Question

If only one water molecule were oxidized by PSII, how many photons of light would have to be absorbed and transformed into chemical energy? How many NADPHs would be produced at the other end of the light reaction, and where would the electrons and protons for the last step in the light reaction come from? Explain.

In the same situation (one water oxidized), how many protons would accumulate, and where and how would they accumulate in support of making a proton gradient? Explain.

Answer 1

In case of oxidation of only one water molecule by the PSII two photons of light would have to be absorbed and transformed into chemical energy. On the other hand, if two water molecules are needed to be oxidized for the production of one NADPH molecule on the stroma side of the PSI.

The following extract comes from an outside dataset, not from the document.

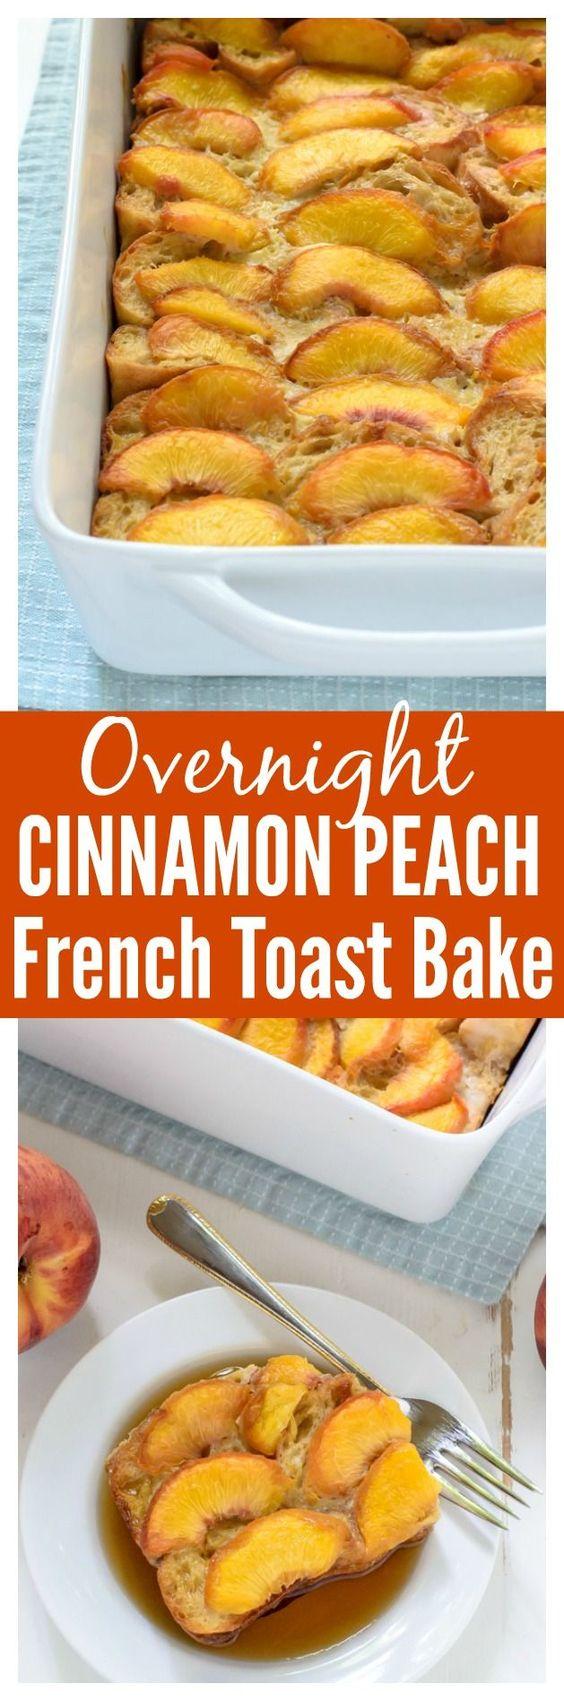 Overnight Cinnamon Peach French Toast Bake. Fun and easy breakfast ...

Remember that the photosynthesis follows the Z scheme of electron travel from the PSII to PSI so the electrons that were generated from the oxidation of the water molecule at the PSI will go to PSII and the photons will come from the sunlight in order to generate NADPH.

The oxidation of water results into splitting of the H2O into 2H+ and O, since it is a light reaction and photons cause continuous oxidation of water molecule at PSII a lot of H+ will be produced and thus the concentration of H+ towards the internal side of the thylakoid membrane will be more this will thus drive the ATP synthase which transfers H+ down its concentration gradient and generate ATP from ADP, this is how the ATP will be produced.

Source http://en.wikipedia.org/wiki/Image:Z-scheme.png

Figure source (http://cnx.org/contents/[email protected])

The figure indicates the chemiosmosis phenomenon where the H+ ions generated at the PSII are crossing from the ATP synthase protein embedded at the thylakoid membrane to generate ATP towards the stroma side of the chloroplast.